Разумеется, до этого мне случалось прогуливать уроки, но все происходило как-то само собой, не запланировано. Однако на этот раз я впервые в жизни продумала все заранее: не только место встречи, но и подробный план действий, вплоть до переодевания в туалете.
Мы с мальчиком пошли в кино. Во время анонсов новых фильмов мы целовались, потом крепко держали друг друга за руку, так что даже вспотели ладони. После фильма мы пошли в кафе – стекляшку и долго сидели там вдвоем. Я вспомнила красивый столик и тонкую серебряную ложку. Вспомнила запотевший стакан с холодной водой, едва уловимый лимонный аромат, крепкий кофе – эспрессо и сладкое пирожное.
Мы разговаривали, глядя на улицу. Напротив кафе располагался зал игровых автоматов, неоновые огни которого не выключались даже днем. Казалось, характерный шум с той стороны улицы проникает сквозь толстые стекла кафе.
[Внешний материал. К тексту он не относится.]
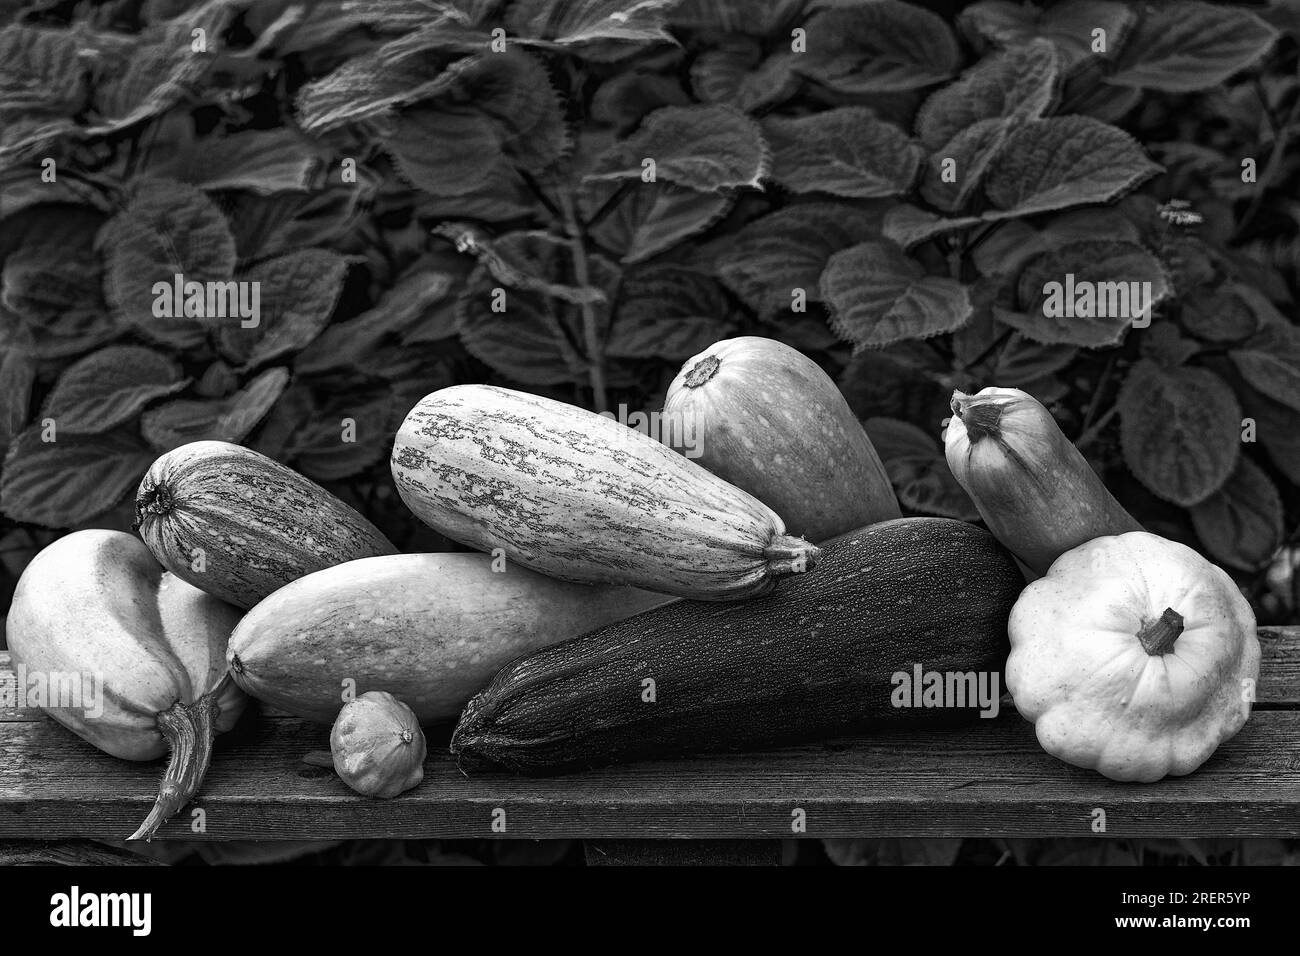 Photo vegetables,squash Stock Photo

И я вдруг поняла, что игровые автоматы для меня гораздо привлекательнее, чем это свидание. «Мне еще рано», – подумала я про себя. Мне еще рано целоваться, рано переодеваться в туалете.
Я вдруг пережила все это заново, хотя буквально несколько мгновений назад даже не помнила об этом случае.
Я не могу похвастаться своей памятью – зачастую не помню, что было со мной вчера, что я чувствовала, о чем думала. Но иногда я вдруг вспоминаю события из далекого прошлого, как будто это происходит прямо сейчас. Воспоминание становится реальным, осязаемым, приобретает тяжесть и плотность: я вдыхаю тот воздух, переживаю те ощущения, нахожусь в том пейзаже…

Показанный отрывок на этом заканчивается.